# Pruning Limnophila aromatica



## Holy Samosa (Nov 3, 2009)

Hi guys.

I just planted the following tank about 4 weeks ago:










My plan is to shape the HM, green rotolla and limnophila aromatica into nice bushy mound. This is my first venture in really trying to shape stems.

So, I think I'm about at the point where I should make my first major pruning. With the rotola and HM, I know I should hack them to just above the substrate, let them branch and then repeat again in a few weeks. 

My question, is how should I handle the Limnophila aromatica? Should I prune back drastically and just let the bottoms grow out or should I just replant the tops? Any other advice on pruning this plant taking into context the scape and neighboring plants?
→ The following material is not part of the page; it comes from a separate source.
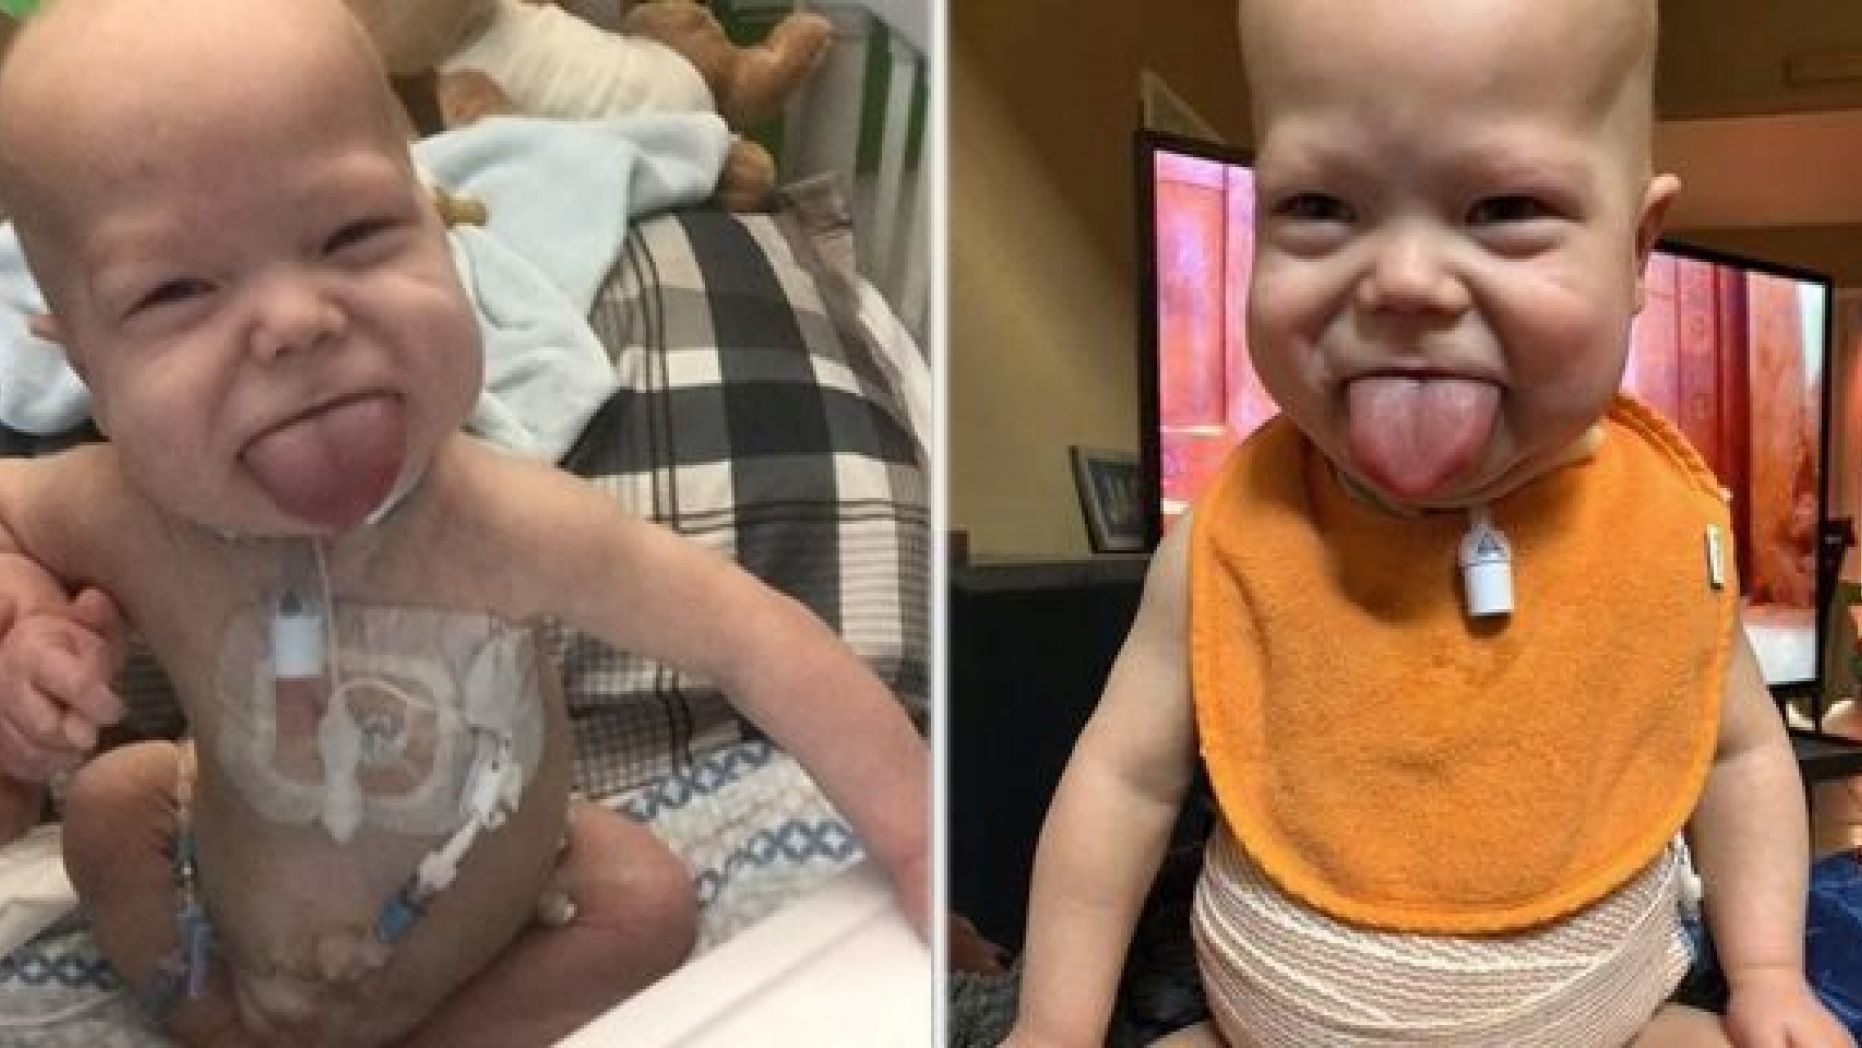 The Oklahoma toddler has a rare condition known as Beckwith-Wiedemann Syndrome, which causes his tongue to be abnormally large. (Caters News Agency)
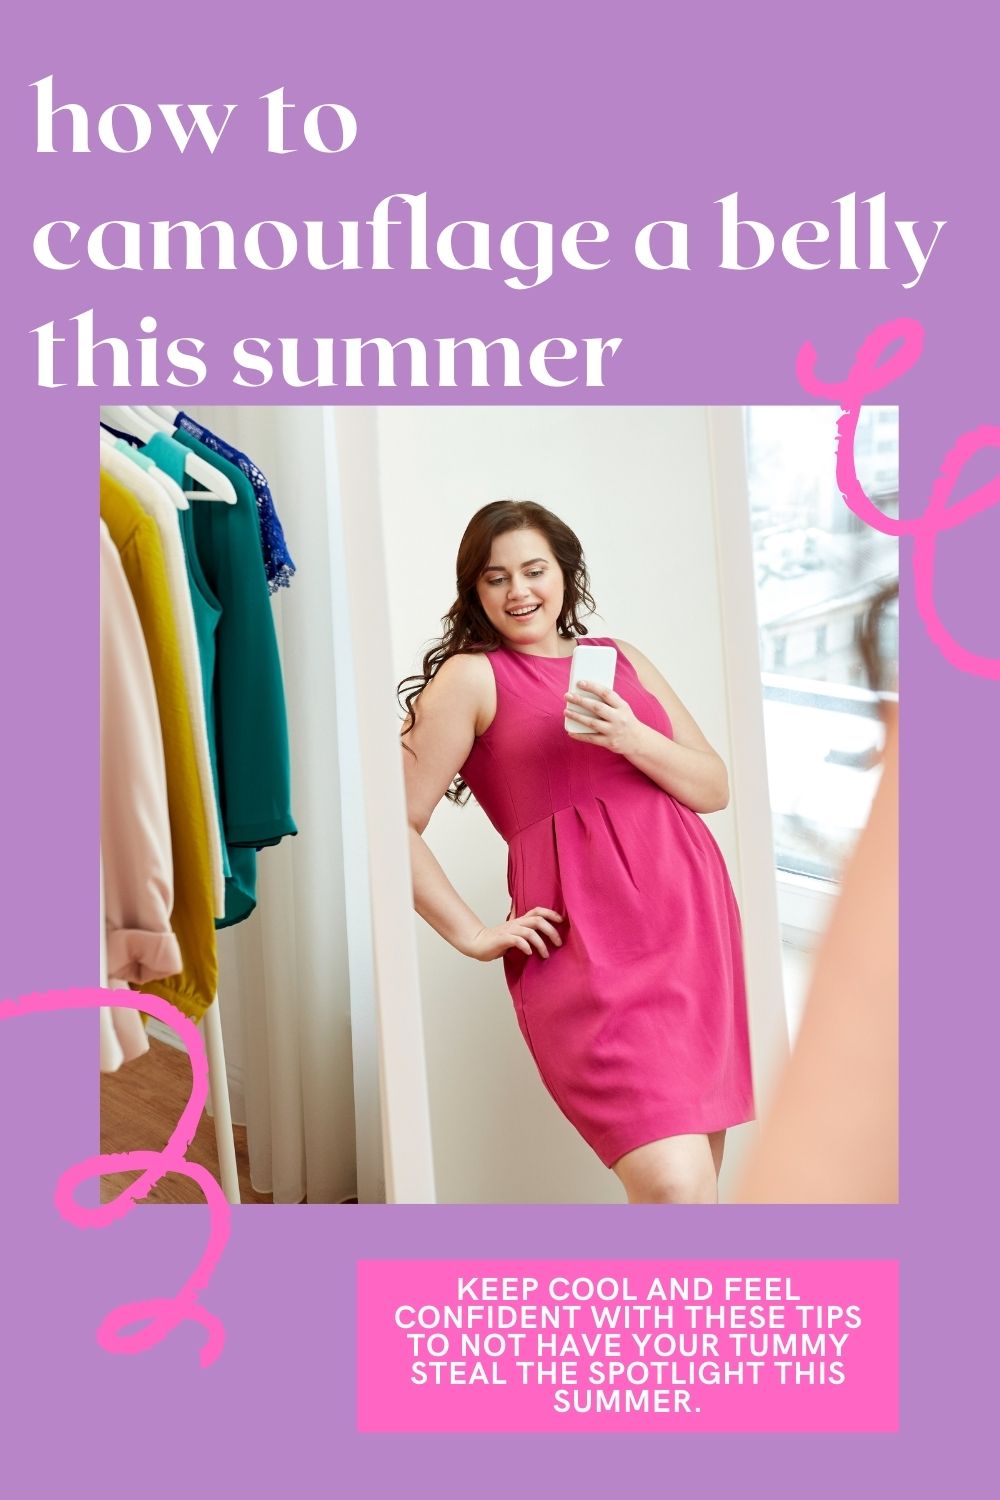 How to Disguise a Belly in the Summer: 5 Steps to Feeling More Confident and Looking Your Best

I've had this in my tank before and generally after pruning while the bottoms did grow back it did seem to take a long time so I generally replanted the tops. Honestly, since I had the tops I didn't pay too much attention to the remaining bottoms.

Thanks.
Jeremy


----------



## Chafire (Jan 6, 2010)

Im just going to post because I'm curious as well and would like to know the answer.


----------



## timwag2001 (Jul 3, 2009)

the old tops tend to get pretty big and bushy makeing them block out the light underneath. they also tend to grow at an angle so when they are really big and bushy it makes it harder to keep under control. i like to clip a couple plant down about 2/3 of the way down. this way you still have a few bigger stems up top and they you get a few smaller stems coming up at the same time. when those smaller stems get to be pretty tall i cut the bigger older ones to give the other ones room to grow and allow for more new stems.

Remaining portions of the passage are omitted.